The purpose of this paper is to conceptually demonstrate that the relationship between turnover and innovation is not direct as some research suggests, but rather indirect, with organizational learning as the prerequisite social mechanism that ties the two phenomena together.
This paper integrates research across a number of related areas to develop a model of the immediate and indirect organizational consequences of different rates of knowledge worker turnover.

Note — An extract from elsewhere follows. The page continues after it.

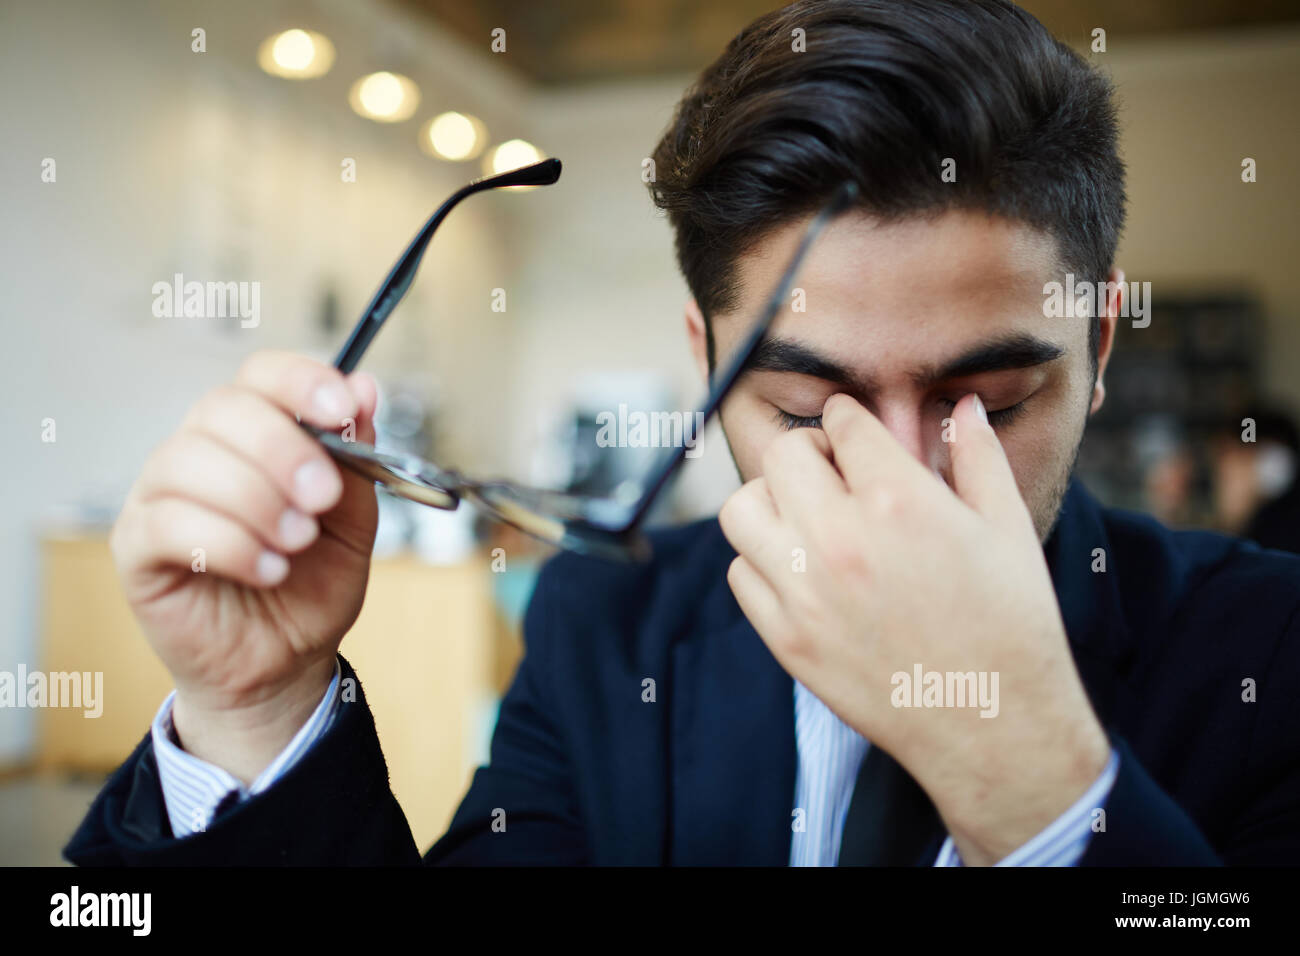 Stressed or tired man with eyeglasses Stock Photo
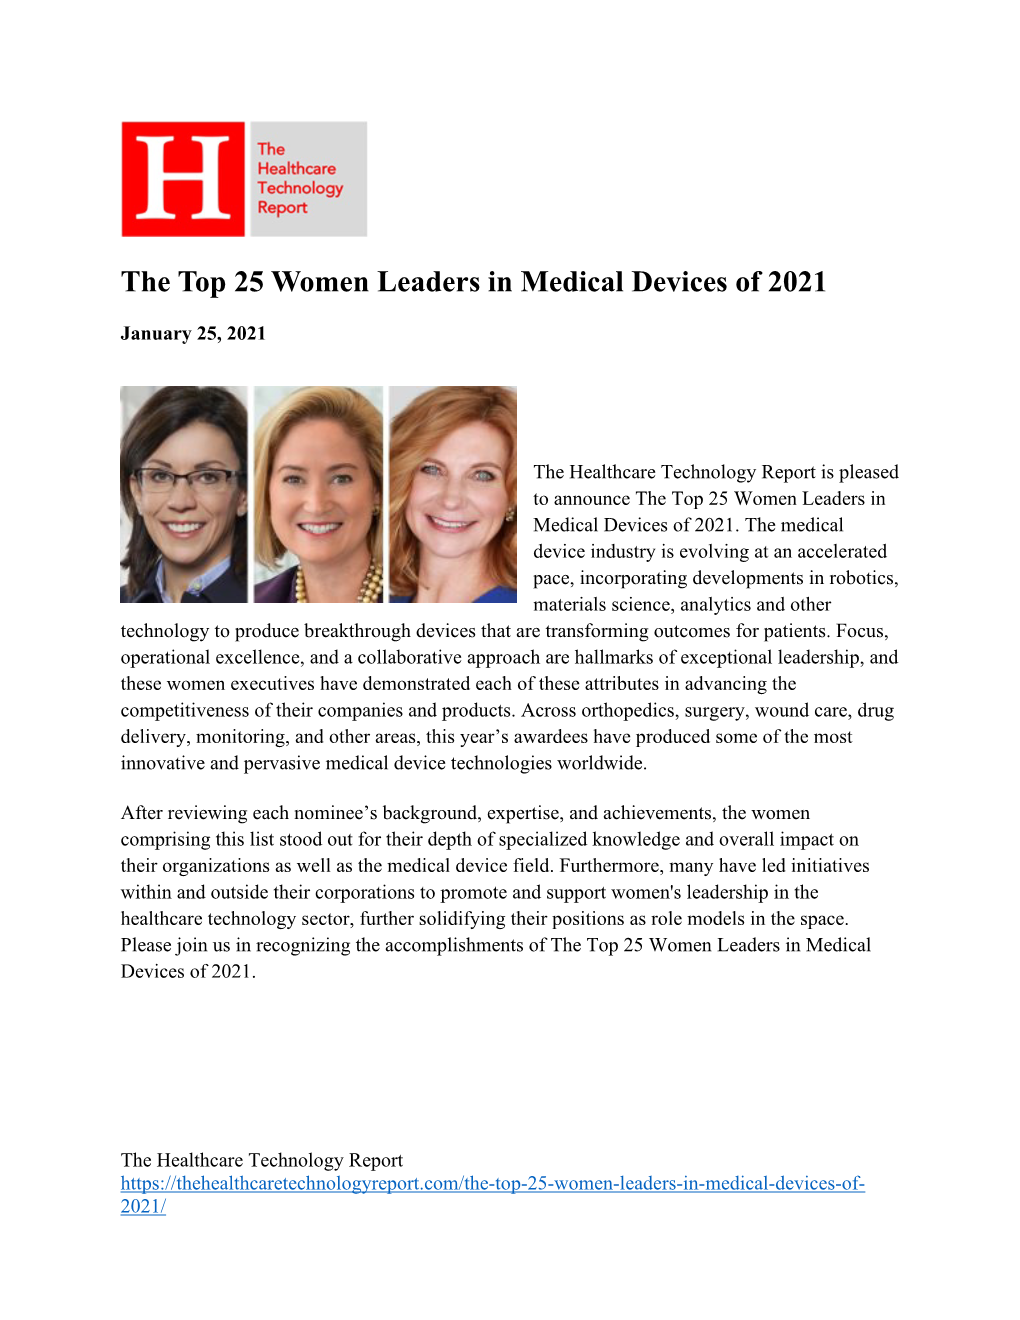 The Top 25 Women Leaders in Medical Devices of 2021

The paper finds that certain conditions and mechanisms must first be in place to pave the way to innovation. Grounded in social capital theory, this paper describes how turnover rates and organizational learning can be curvilinearly related with respect to ambidextrous learning; how betweenness centrality and learning culture can moderate this relationship; and why organizational learning should mediate the turnover‐innovation relationship.
Faulty decisions based on simplified beliefs place organizational performance in a precarious position. Studies must consider how changes in personnel affect activities where interpersonal relationships are critical. Turnover that beneficially breathes diversity, critical evaluation, and creativity should result in benefits that more than offset its costs.
By taking an in‐depth look at previously disconnected research, the paper offers a unified model that more accurately depicts the processes and outcomes that intercede and explain how knowledge worker turnover rates come to influence innovation.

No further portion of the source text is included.